The Mission of The Oratory

The primary words that guide our work at The Oratory were written by St. Paul to the Philippians (2:1-5), a community of believers not unlike us.

“So if there is any encouragement In Christ, any incentive of love, any participation in the Spirit, any affection and sympathy, complete my joy by being of the same mind, having the same love, being in full accord and of one mind. Do nothing from selfishness or conceit, but in humility count others better than yourselves. Let each of you look not only to his own interests, but also to the interests of others. Have this mind among yourselves, which was in Christ Jesus....”

Through prayer and the frequent contemplation of this passage, we strive to create a community based on the joy and charity and humility of Jesus Christ.

The Mission Statement

The Oratory is a homeschool academy which offers classes twice weekly in order to support homeschooling parents.
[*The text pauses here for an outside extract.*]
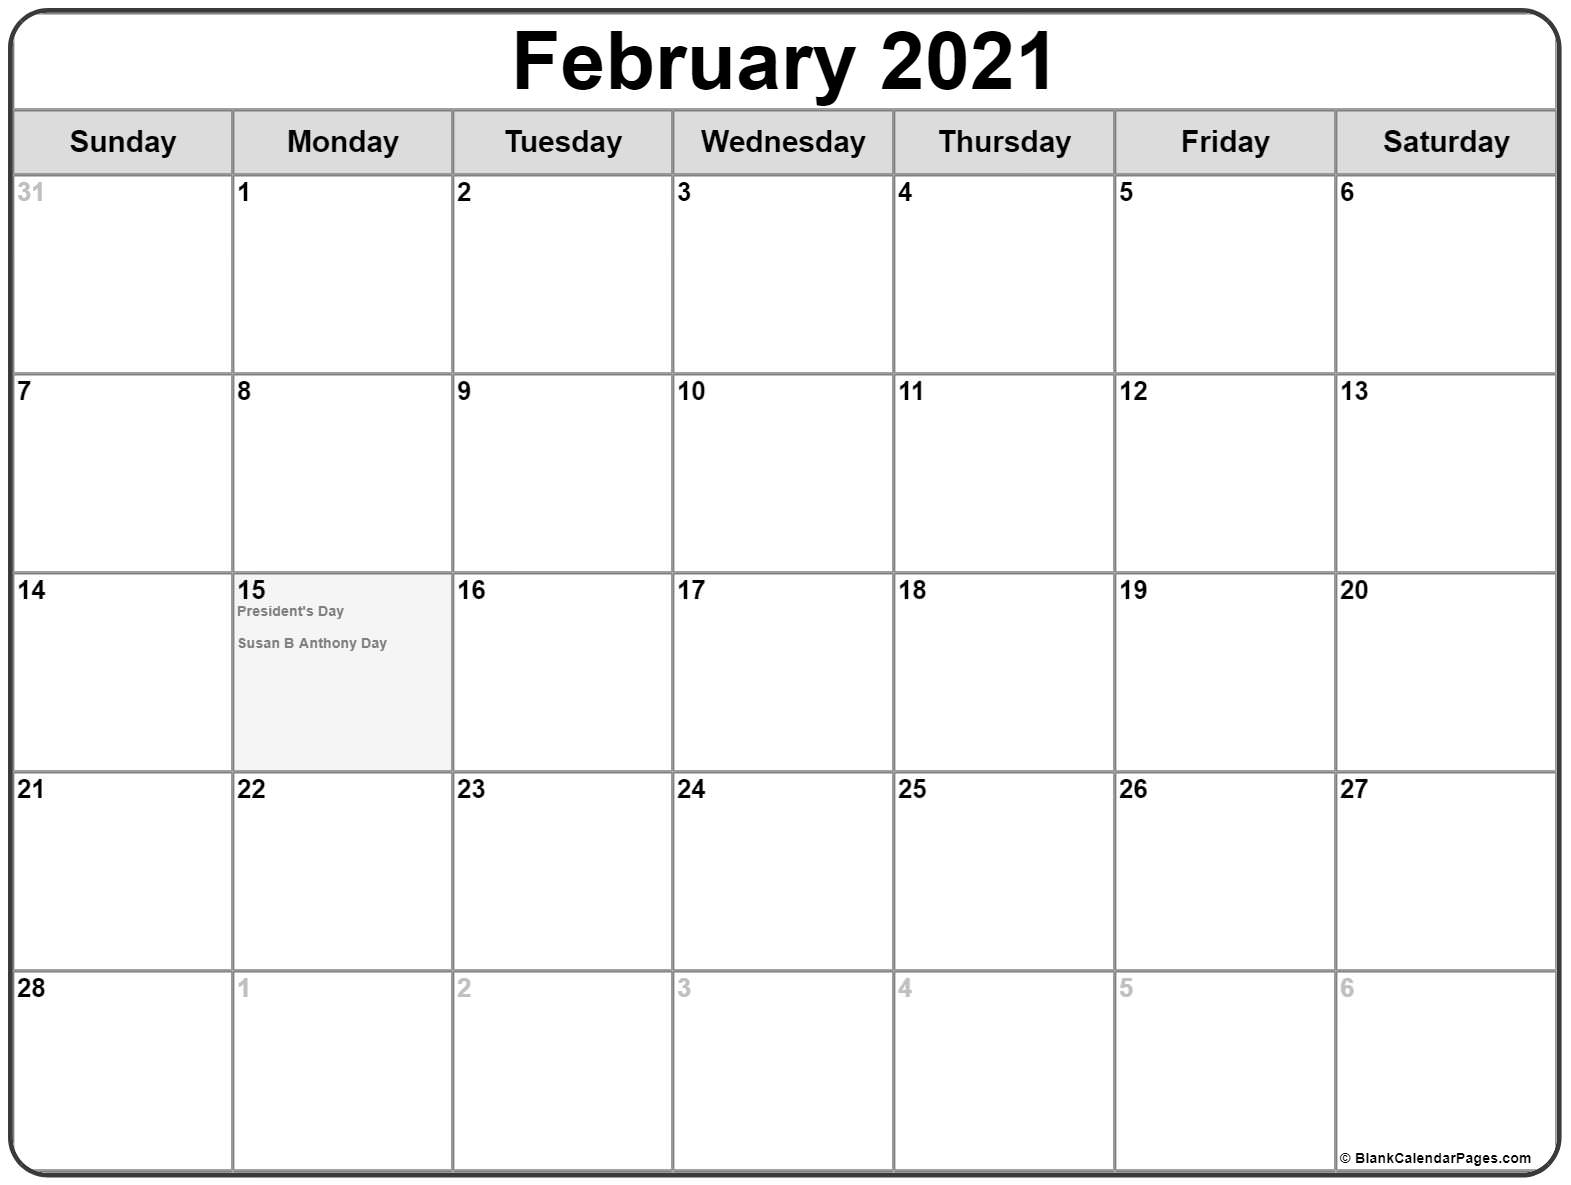 collection of february 2021 calendars with holidays

We seek to support each other in the noble mission of educating our children in the classical tradition and, above all, teach them to love all that is good and true and beautiful.
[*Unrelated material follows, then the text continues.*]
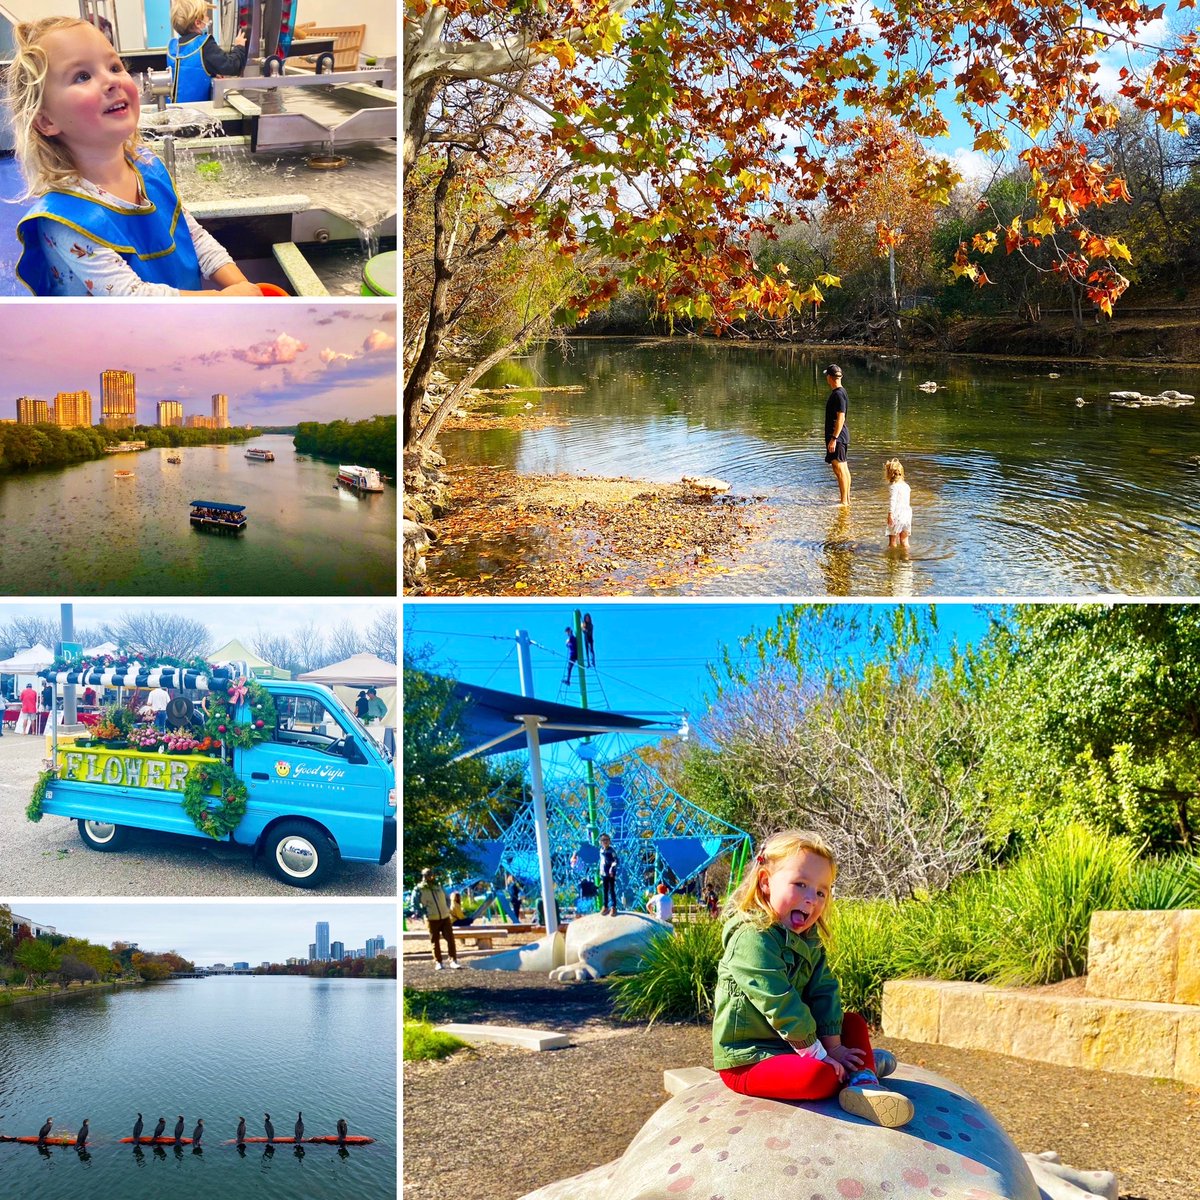 My NEW #travel guide: My Favorite Things to Do with Kids in #Austin bit.ly/kid-activities… #familytravel #travelblogger #atx #roadtrip #ontheblog #funwithkids

The Mission Statement uses particular words that are revealing:

“to support homeschooling parents”: We see homeschooling as a wonderful way of education, especially since parents are the first educators of their children. But there are difficulties which arise, and The Oratory exists to help parents overcome these difficulties, so that homeschooling for them is successful. Unlike most educational models, which remove the child from his family for the majority of his waking hours, and thus remove the family as the center of his existence (replacing it with immature peers), this 1 1/2-2 day a week model serves only to strengthen the family by making homeschooling feasible—providing difficult classes like high school chemistry and composition and Latin and higher math...so we don’t have to give up our high ideal of homeschooling our children.

“in the noble mission”: We say noble because in this culture, it is increasingly a battle to educate our children in the Truth, and to pass on the truth about the human person and his place in the world. To teach a child to love what ought to be loved, is a noble endeavor, and our duty.

Students gather for the recitation of poetry

Students gather for the recitation of poetry

“to educate them in the classical tradition”: We take for our guides educators who understand the classical tradition, which, in the end, aims to teach a person how to reason and communicate the truth which he logically concludes. A classical education helps a child understand what it means to be human, by drawing on the wisdom of the ages, which is conveyed through the study of the liberal arts—and not to simply make him a knower of facts.

Beginning with our youngest students we strive for classes that are informed by the classical trivium (grammar, logic/dialectic and rhetoric).

First, we have grammar, which is the accumulation of knowledge, and includes some learning by memorization. Then comes logic/dialectic—through which the child begins to understand what he has learned and is learning in the context of truth and goodness (that is, why it has value). By high school, rhetoric comes in, by which the student learns to present logically formed and persuasive arguments, in the defense of what is true and good. Douglas Wilson (The Case for Classical Christian Education) writes that rhetoric is the “presentation of...truth and goodness in a lovely form.” For the high school ages, the curriculum draws from a myriad of sources but the main guide will be from the author of Creating Your Own Classical Curriculum, Laura Berquist.

The students gather for prayer in the Adoration Chapel of St. Francis Church

The students gather for prayer in the Adoration Chapel of St. Francis Church

“and to inspire in them a love for all that is good, and true, and beautiful”: We strive to do this only with the help of the Holy Spirit; thus, this coming year, along with morning prayer and Mass, our days will begin with a peaceful period of silent adoration in our beautiful church.

As far as the classroom, we believe that young children respond to beauty—we seek to enliven that response through our art study classes; we desire that children respond to the beauty of words, thus our poetry and literature and recitation classes; we give them the beauty of music through our choir, wherein the children sing beautiful and sacred music. In these areas, particularly for the lower grades, our foremost guide is Charlotte Mason (1842-1923).

We are very excited to offer classes which explore some of the “Good Books” (as identified by Dr. John Senior). The “good books” draw students to the good, true, and beautiful through the great medium of literature that speaks of the universal human condition, and inspires students to naturally align themselves with the good.

The teaching of Latin is part of The Oratory’s curriculum

The teaching of Latin is part of The Oratory’s curriculum

We recognize the absence of much reading in our technological age and we think it may be of great benefit to younger students to be accountable to someone other than a parent in requiring them to read good books. The students will also become accustomed to the Socratic method (providing the student with questions that help him arrive at correct conclusions) in the Good Books classes. The preparation of the child’s heart and mind to be able to receive the Truth through the reading of good literature is an essential prerequisite for digestion of the “Great Books” in high school and college.

Finally, on a practical level, we acknowledge from long experience several needs homeschooling families have:

These are only a sampling of the potential problems many of us have faced as homeschoolers. The Oratory hopes to provide help in all these areas, without undermining parental authority and without moving the family from the center of existence for each child.